Any truly historic or beautiful buildings that should be preserved can be raised above sea level where they sit or moved to a raised area with other historic houses. Another tourist attraction!
While I lean toward the latter, "convention center area". One or the other must be done.
Either could be a huge boost to New Orleans. Imagine a city with it's own national park just minutes away from down town. A sort of Central Park New Orleans Style. This could bring tourists, new business, a whole new attitude for New Orleans.
Even better the Convention Center Area would do all that and bring in billions of dollars of convention business to New Orleans. Not to mention the jobs created in those hotels and restaurants.
What about the former residents? Their houses and businesses can be bought by the government through Eminent Domain, to make the National Park, or by the businesses that build in the new convention mecca.
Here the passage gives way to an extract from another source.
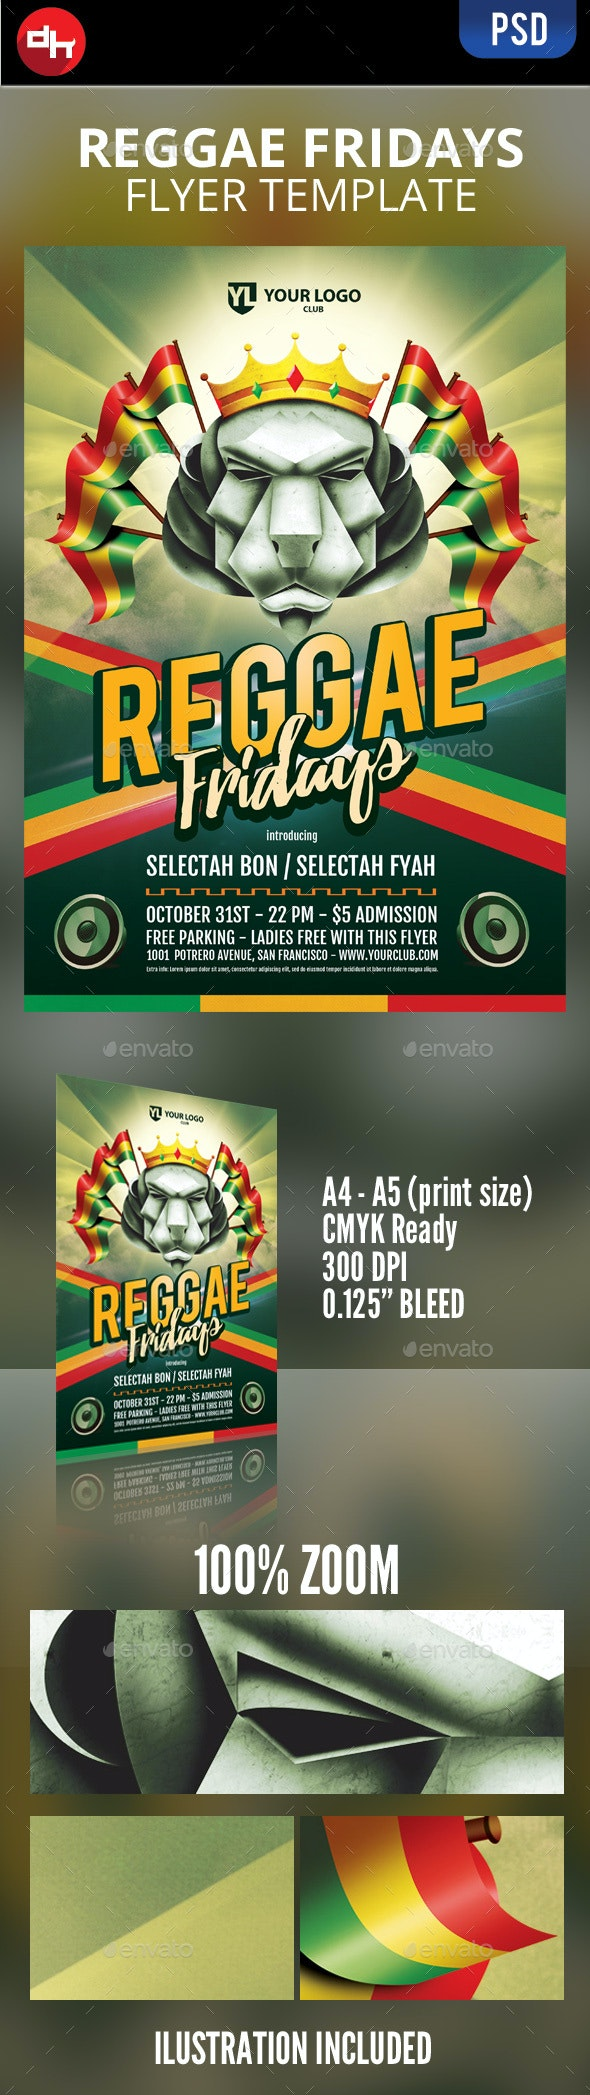 Reggae Fridays - Events Flyers

Many of those former residents will find new lives where they were evacuated to and simply chose not to go back.
Many learned their lesson by nearly dying in this disaster and have sworn not to go back.
The ones who do go back will simply have to find a place to live that doesn't require you and me to rescue them every 30 years or so. A place where they can live without loosing half their family every thirty years or so.
Seems like a pretty logical thing to me.